Recensioni

Bassista dei Suicidal Tendencies dal 2002 e sessionman di fiducia del giro Badu–Sa-Ra–Lotus (lo troviamo su New Amerykah 1 & 2, Nuclear Evolution, Cosmogramma), il virtuoso Stephen 'Thundercat' Bruner esordisce come solista ovviamente su Brainfeeder. L'operazione segue la linea di pubblicazioni di musica suonata e fusion inaugurata dall'album di Austin Peralta; gli ingredienti sono quelli che la cerchia di amici (e Om'Mas Keith e Shafiq Husayn, la Badu, FlyLo e lo stesso Peralta sono appunto ospiti) lascia intendere.
Funk superslappato, electropop Ottanta e ambience laser-spacey, a creare una fusion – sfumata latin – che non arriva mai però al barocchismo generoso per quanto freddo del biondissimo pianista o al progressivismo spinto del nipote di Alice Coltrane.

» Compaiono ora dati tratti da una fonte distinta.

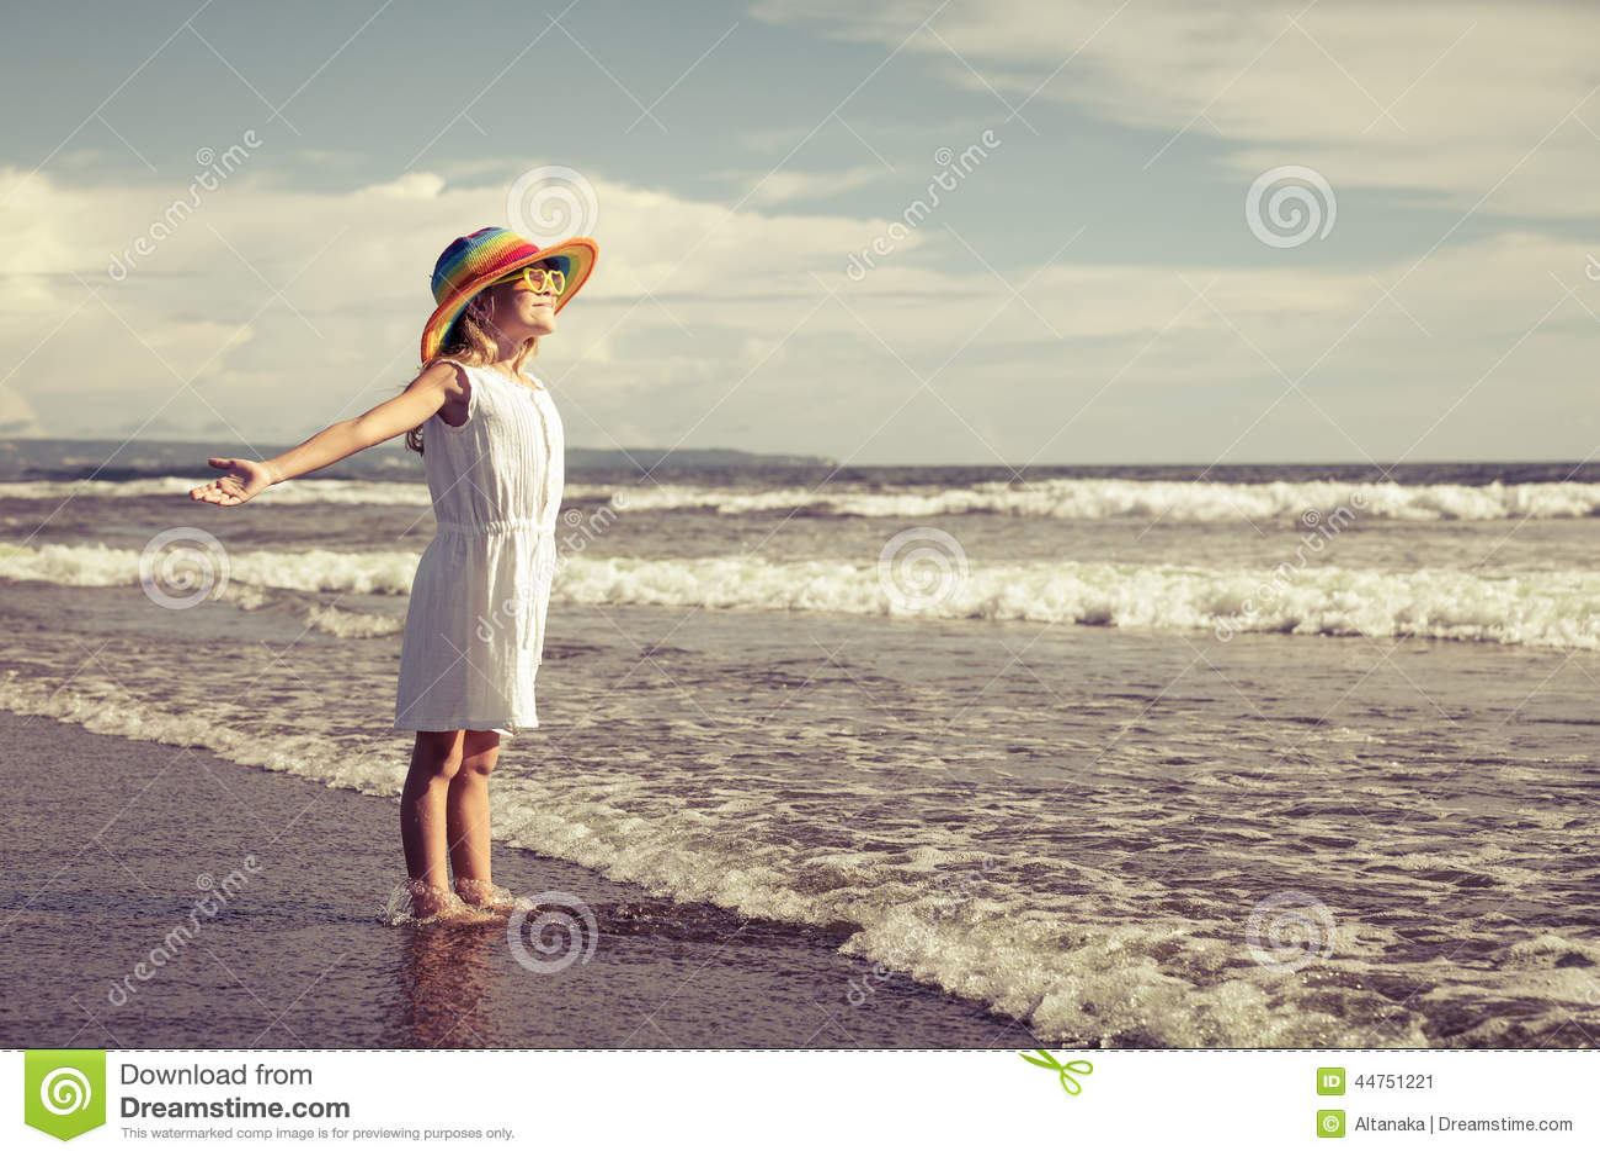 Little Girl Standing On The Beach - 162.4KB

The Golden Age of Apocalypse è molto più asciutto. E mediocre. Is It Love? ha i suoi bei saliscendi vocali di scuola baduiana (canta Om'Mas) e Golden Boy riesce a scavalcare il solito esercizio funky (il 90% del resto del disco) diventando uno studio di spezzettamento ritmico. Ma ecco, semplicemente, a Thundercat sembra mancare la stoffa del songwriter e neppure sotto il profilo dell'alto artigianato da turnista che da lui ci si aspetterebbe ci sono qui grandi cose.